Running a process on several nodes on cluster

Hi everyone,

I am trying to run a process that requires a huge amount of memory on several nodes on cluster. I am trying to use the Distributed.jl package, but it does not seem to work, so I would like to seek some advice on how to do this properly.

A MWE is as follows. What I want to do is to construct a matrix a recursively, say, via a function f. In this example, I am appending the vector a in each step of the for-loop with an extra element. Step i of the loop depends on step i-1. So, the steps are not independent of each other.

The reason that I need to use several nodes on the cluster is that the actual code I am running requires large memory so that each node does not have enough memory to run the entire task. The actual task is more complicated than what I show below, but I think I have summarized the main idea in the example.

A related question is: I have been using qsub to submit jobs on a cluster. If I need to use multiple nodes with the Distributed.jl package, would I need to use another command?

using Distributed

@everywhere function f(a, i)
  b = [a; 0.0]
  b[i] = i + b[i - 1]
  return b
end

a = [0.0]
@distributed for i = 2:5
  a = f(a, i)
end

Any thoughts are appreciated. Thanks!!

1 Like

I would take a look at ClusterManagers.jl to see if there is a configuration there that matches your system. Otherwise, you will need to tell us more about your cluster.

Thanks @mkitti! I will take a look at ClsuterManagers.jl.

But I think the main issue here is that the MWE that I attached does not work on my computer. So, I am wondering there is something wrong with setting up the code for the problem at hand. Thanks!

A related question is: I have been using qsub to submit jobs on a cluster. If I need to use multiple nodes with the Distributed.jl package, would I need to use another command?

Hi. Are you still working on this problem? I understand you are on PBS Torque. Also, as I understand the code provided by you, the way you are currently shaping it, is that you are using only the cores available on one of your nodes. In order to utilize several nodes, first you have to start the processes on all of them. And now, I fully agree with @mkitti that more info would be useful as differences between the clusters are sometimes significant. Based on my own experience with PBS, for example, I was not able to use PBS features of ClusterManagers.jl because of the way my login node was configured. I had more luck with “julia --machine-file” option that is listed here: GitHub - Arpeggeo/julia-distributed-computing: The ultimate guide to distributed computing in Julia but still it was not a smooth ride as my cluster used a cshell.

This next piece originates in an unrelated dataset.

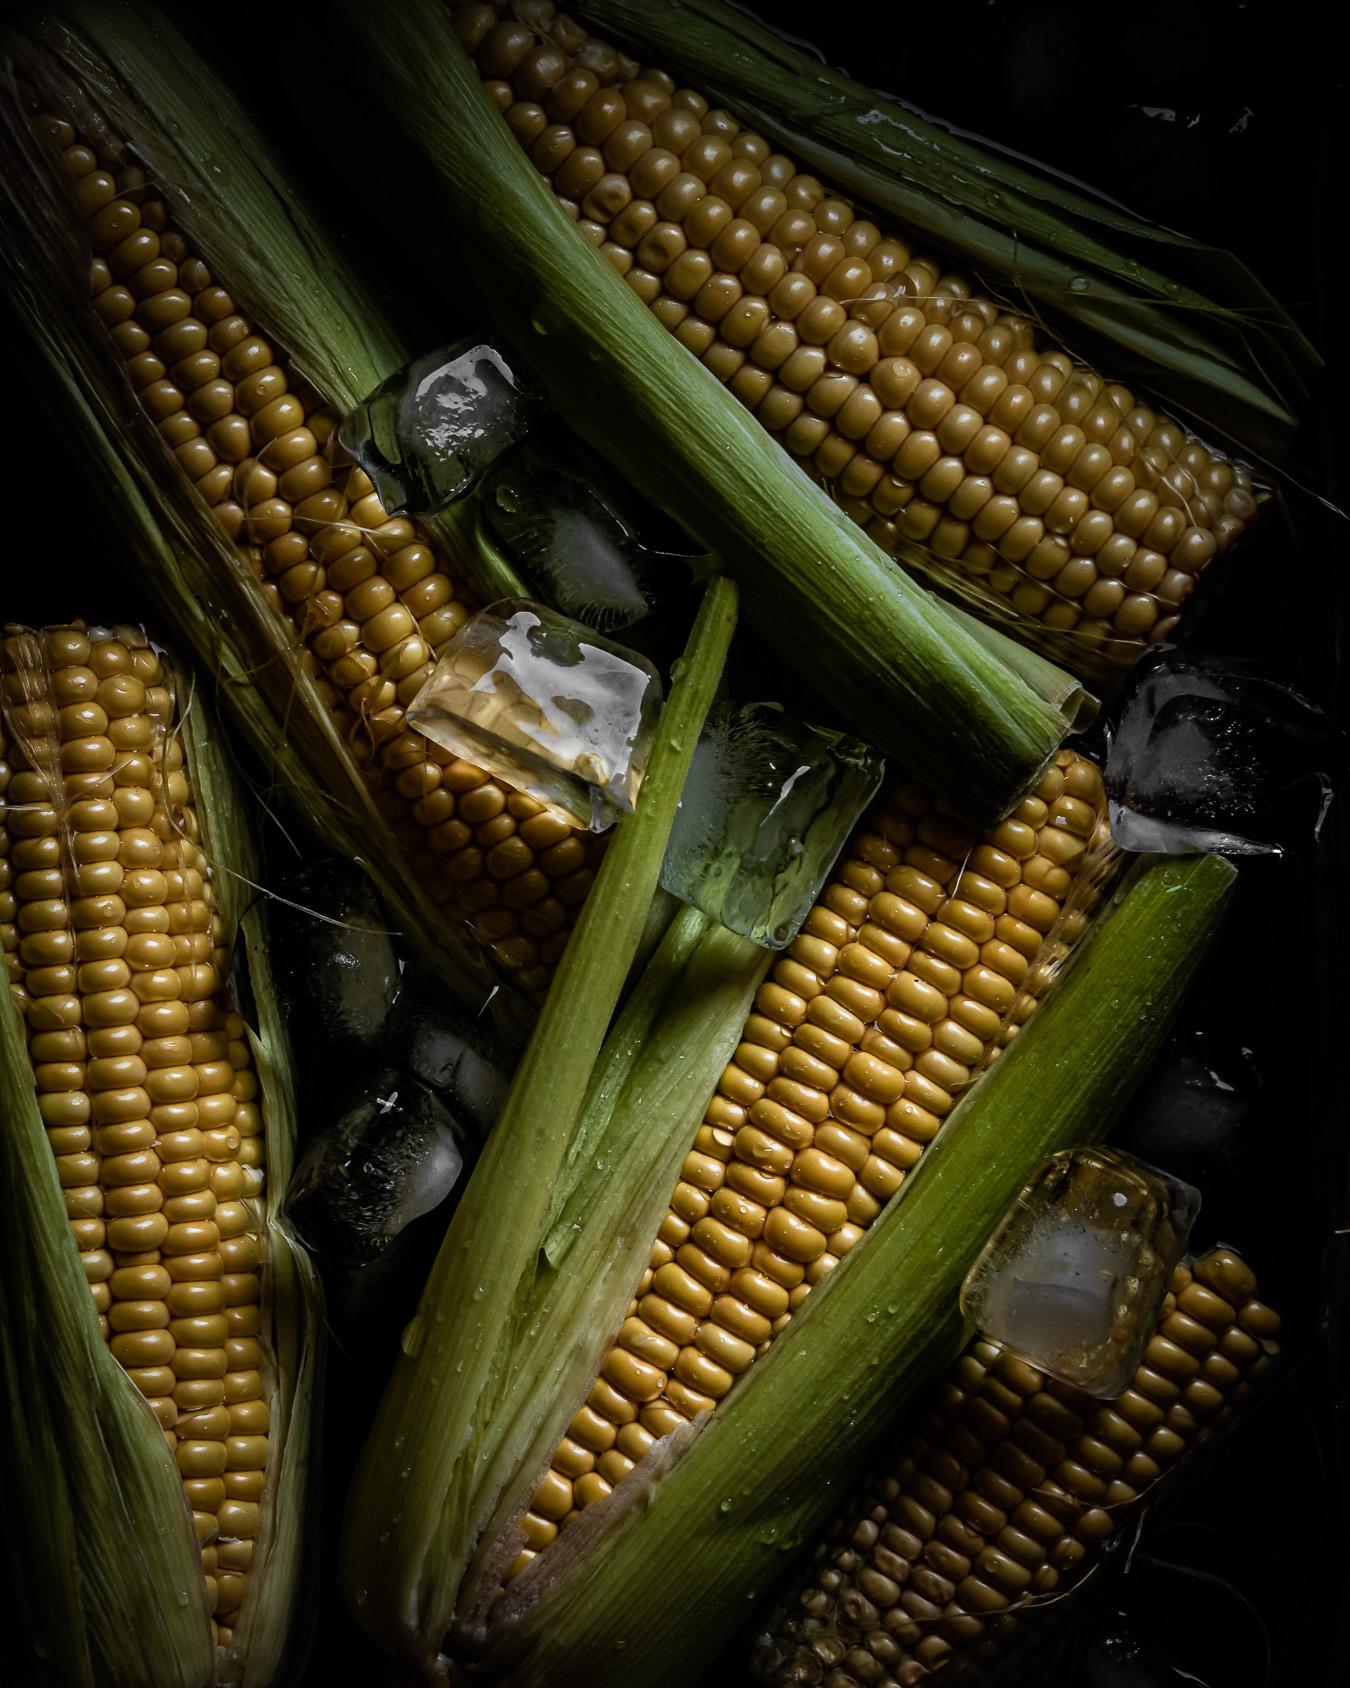 maissintähkä

So, to sum up, nothing is easy in the Julia HPC World but definitely worth giving it a try. I believe a kind of authoritative guide on running distributed jobs is provided by @vchuravy here Struggling to Run Distributed I/O Operations on SLURM Cluster - #2 by vchuravy. Unfortunately, it uses SLURM not PBS.

This is certainly easier on SLURM, to the extent that packages such as GitHub - kleinhenz/SlurmClusterManager.jl: julia package for running code on slurm clusters and GitHub - jishnub/SlurmAddAllocatedProcs.jl: Julia package to easily add workers while using Slurm in batch mode exist to make adding processes convenient. PBS, from what I understand, is not as well supported, but I have had luck using julia --machine-file in the past, so it’s worth exploring that option. Note that in any case, you need to allocate the cores through your job scheduler batch script, and not through Julia. Once the cores have been allocated, Julia may create processes that use these cores.

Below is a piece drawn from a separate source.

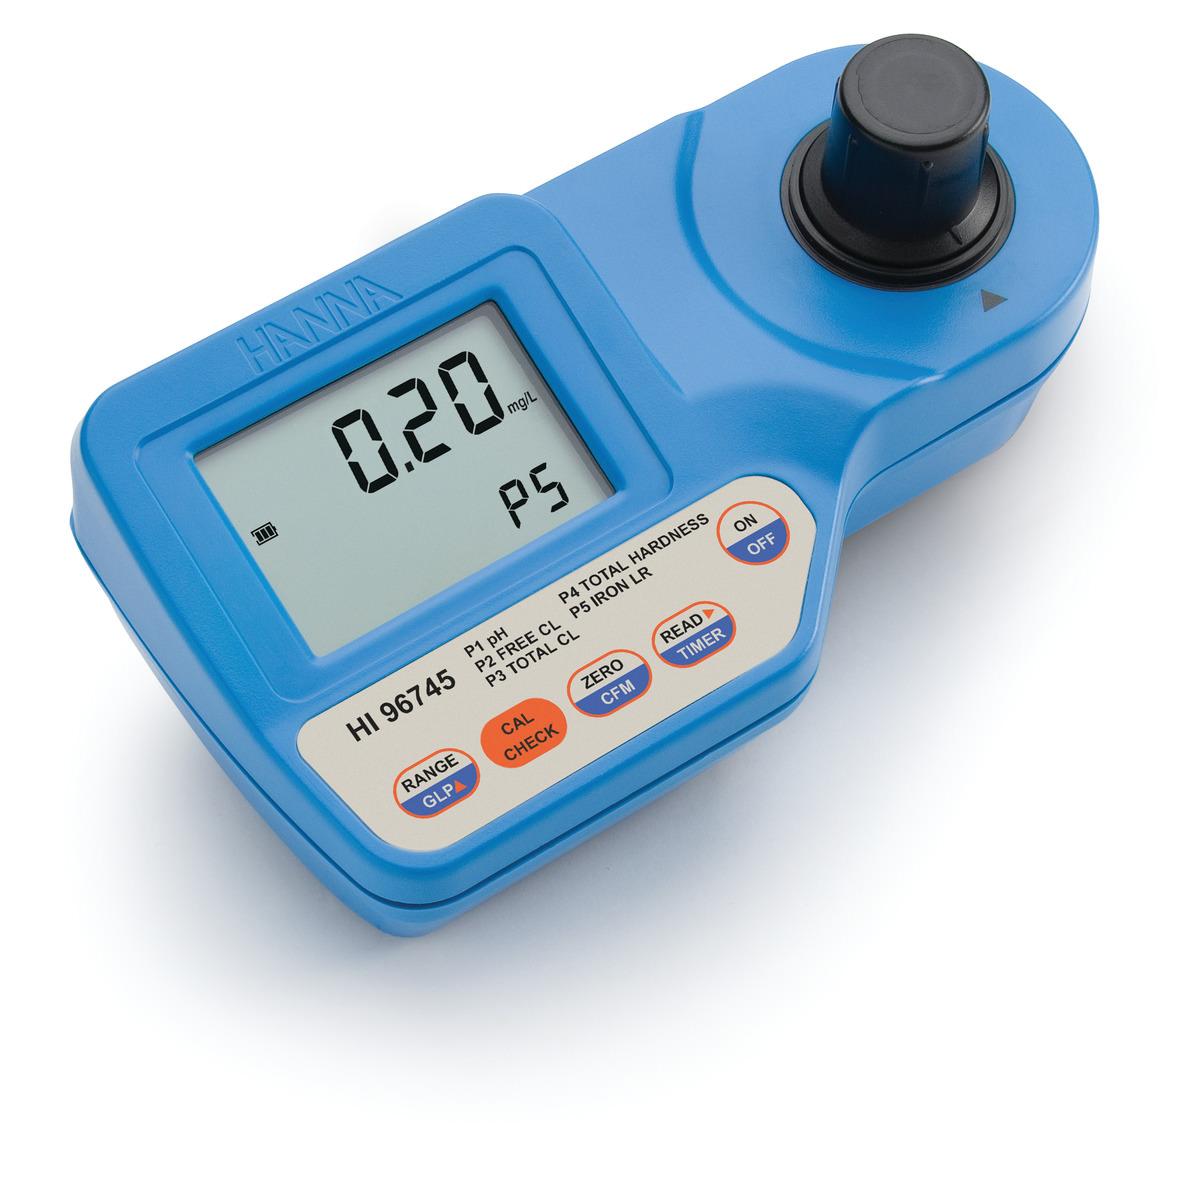 Fotometro per analisi pH, Durezza totale, Ferro, Cloro libero e totale per caldaie

I am going to go out on thin ice here…
First talk to your friendly cluster admins to understand how to set up a job in PBS

IF you cannot make progress there is a facility to run am interactive job in PBS - use qsub -i
You can reserve a certain amount of nodes/cpu cores that way.
Then I think you should be good to go with ssh into the first node and julia --machine-file
You can get the machine file from PBS as $PBS_NODEFILE

Do not complain if your friendly cluster admins become unfriendly and come after you with a pitchfork.

1 Like

It would be best to focus on a single question with a post. What I do not understand about your problem is how much information does step i need from step i-1. If it needs all the information, I’m not sure how are you going to save memory by going distributed. You either need to do some sort of chunking and/or serialization to disk. As of right now, you’re algorithm is inherently serial.

3 Likes

Thanks @j_u! Yes I am on PBS.

I am trying to use the cores on two nodes, if that makes sense. This is because my jobs require a large memory and the available memory on one node is not enough.

I will read the links that you’ve shared!:slight_smile:

1 Like

Thanks @jishnub! Correct me if I am wrong, but reading the description packages, am I right that the SLURM packages require the jobs on each node to be independent of each other?

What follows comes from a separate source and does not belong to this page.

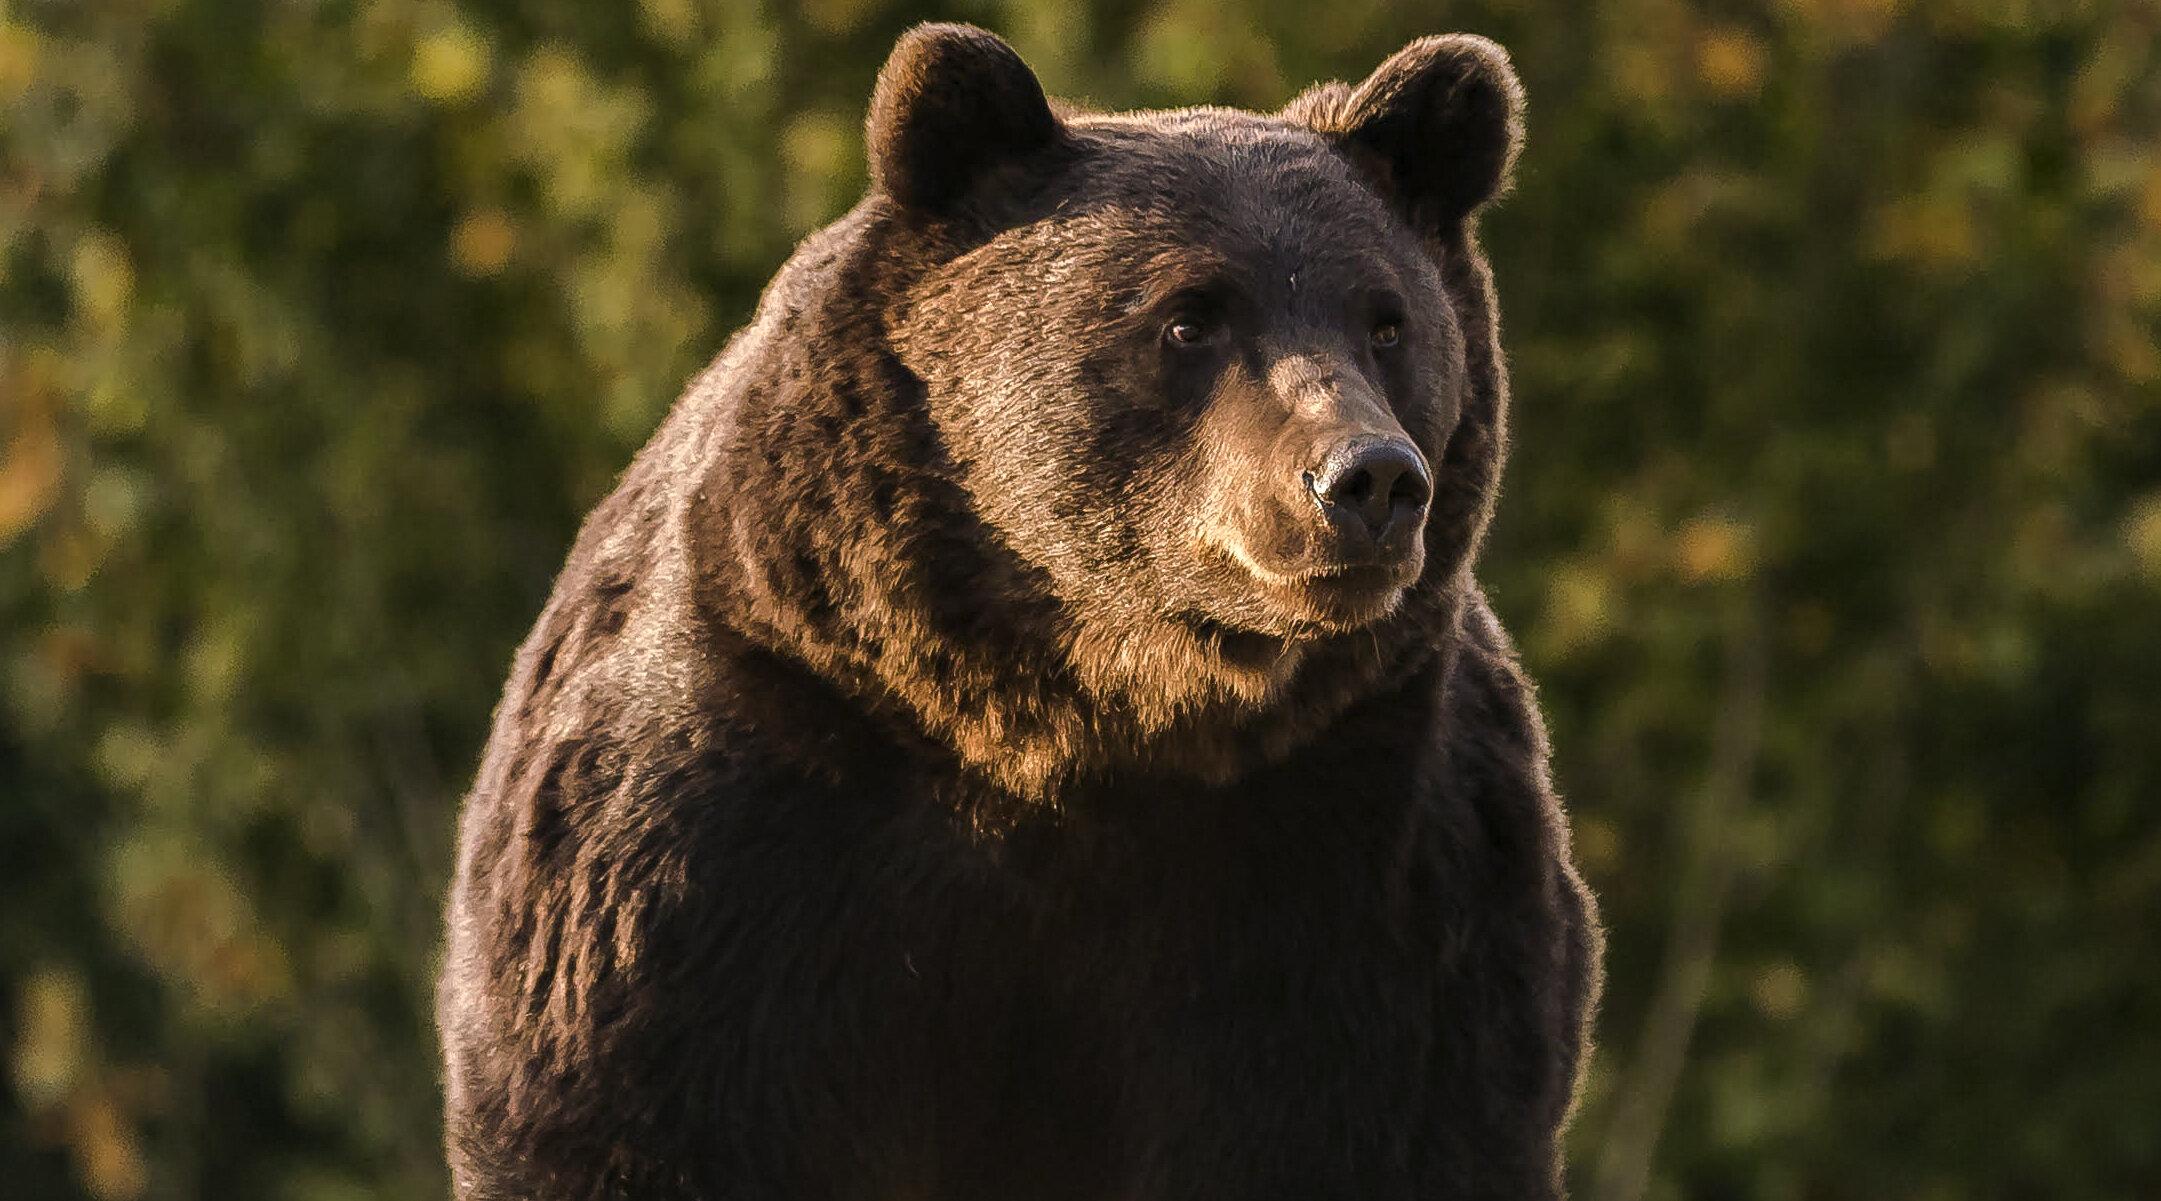 Vânătoarea de urși este interzisă din 2016, iar Arthur se afla într-o zonă protejată. Totuși, a fost ucis

Thanks! Yes, that’s right. My algorithm is serial. The problem is that when i gets large, the memory used is very large. That’s why I am trying to see whether it is possible to use memory from more than 1 node so the job can keep on running, if this makes sense.

No, this isn’t necessary. MPI-based or MPI-style programs with data transfer across nodes are certainly permitted.

I see. I am not familiar with MPI. Would the package MPI.jl be the way to get started? Thanks!!

Yes, that’s the package for MPI